The 3.7-second number is fun at a set of lights, but it’s not why this car works. It works because it’s small, the visibility is good, and at 4,432mm long it slots into kerbside gaps that would have a mid-size SUV doing a twelve-point turn.

The steering is light, the ride is more settled than the previous version, and there’s enough squish in the seats that a week of stop-start traffic never became a chore.
You sit up high, you can see the corners, and the whole thing feels engineered for exactly the kind of driving most of us actually do. We used a fraction of the performance most days and never felt short-changed.
The obvious stuff is good.
A 13-speaker Yamaha sound system comes standard, and it’s a genuine step up from the tinny setups you usually get at this price. There’s an augmented-reality head-up display, touch-sensitive shortcuts on the steering wheel, and a 50-watt wireless charging pad that’s now ventilated so your phone doesn’t cook on a hot day.

Then there’s the stuff you find by accident. There’s a fridge in the centre console, temperature-controlled, which sounds like a gimmick until it’s 30 degrees and your flat white is still cold by Rose Bay. The front seats massage, the quilted trim feels premium without shouting about it, and the boot has quietly grown to 404 litres thanks to extra under-floor storage.

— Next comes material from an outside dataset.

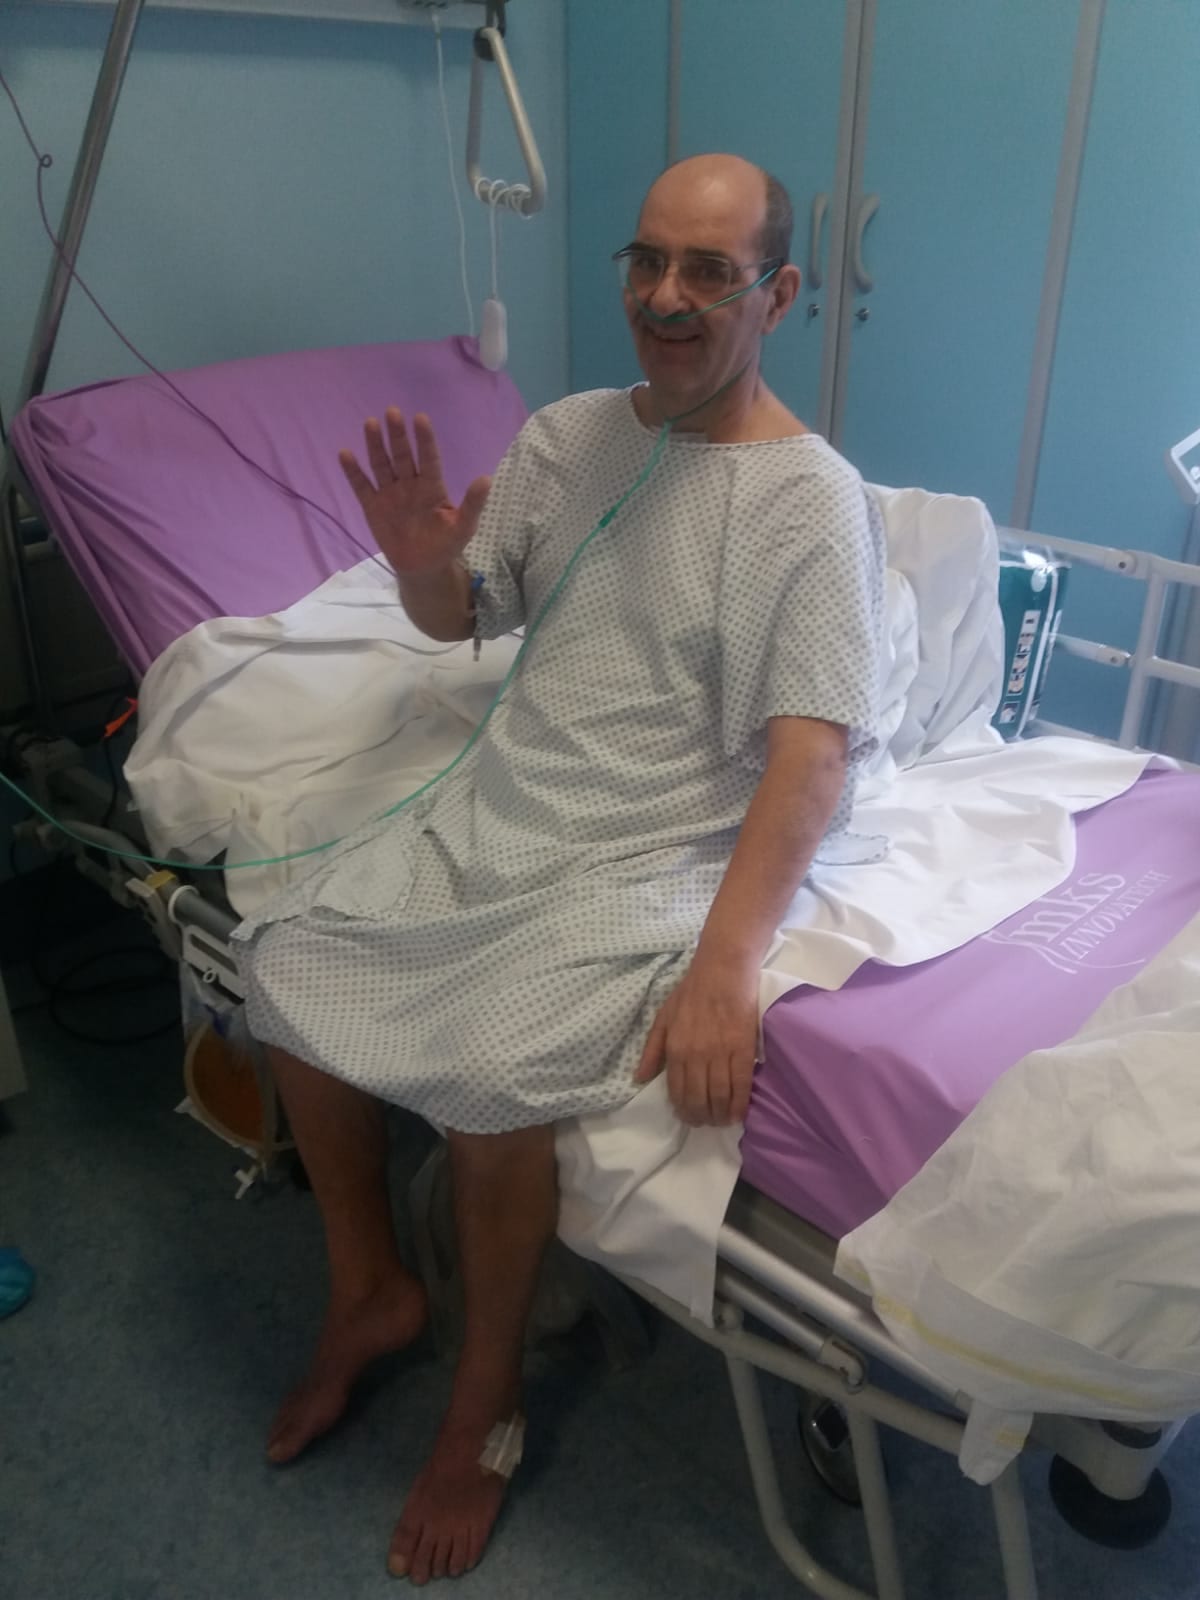 Saronno ospedale, lotta 95 giorni col covid: la storia di Massimo Allievi e il suo grazie

This is where the value argument really lands. Half of these are things you’d pay extra for, or wouldn’t get at all, on a European car costing twice as much:
- Temperature-controlled fridge in the centre console, standard on the AWD. Keeps your drinks cold on a 35-degree day without an esky in the boot.
- Massaging front seats, the sort of thing usually reserved for a German options list north of $90k.
- 13-speaker Yamaha sound system as standard, not a $2,000 upgrade.
- Augmented-reality head-up display that puts nav arrows over the actual road ahead.
- 22kW AC charging on the AWD, double the usual home-charging rate, so an overnight top-up barely touches the sides.
- Power-operated front doors, currently thrown in as part of the run-out offer.
- Heated front and rear seats standard, so the back-seat passengers aren’t an afterthought.
- 50-watt ventilated wireless charger that actually keeps your phone cool while it fast-charges.
- A boot that’s grown from 342 to 404 litres, with proper under-floor storage for the charging cables.
- Zeekr’s AD driver-assist suite: five cameras, five radar sensors, twelve ultrasonic sensors and remote parking, all standard.
Run that list past anyone shopping for a Volvo EX30 or a base BMW iX1 and watch their face change.
The X sits on the same bones as the Volvo EX30, and it’ll be cross-shopped against the BYD Atto 3, the MG4 and the Kia EV3.
In terms of power, charging speed, and standard kit for the money, the Zeekr is ahead of all of them, and it’s pulling away from the European options that cost considerably more for less.
That’s the pattern with Zeekr at the moment. Every time they update something, the spec jumps and the price either holds or drops, and the established brands are left explaining why their version costs more.
The honest flaws are minor. The 415km range won’t suit anyone doing big regular highway runs. Hardly a dealbreaker for the inner-city buyer this car is built for.
The Zeekr X Performance AWD is quicker than a 911 Carrera, costs a fifth as much, looks superb in that khaki green, and right now comes with thousands in extras if you sign before June 30. The value is the story, and on value it’s a slam dunk.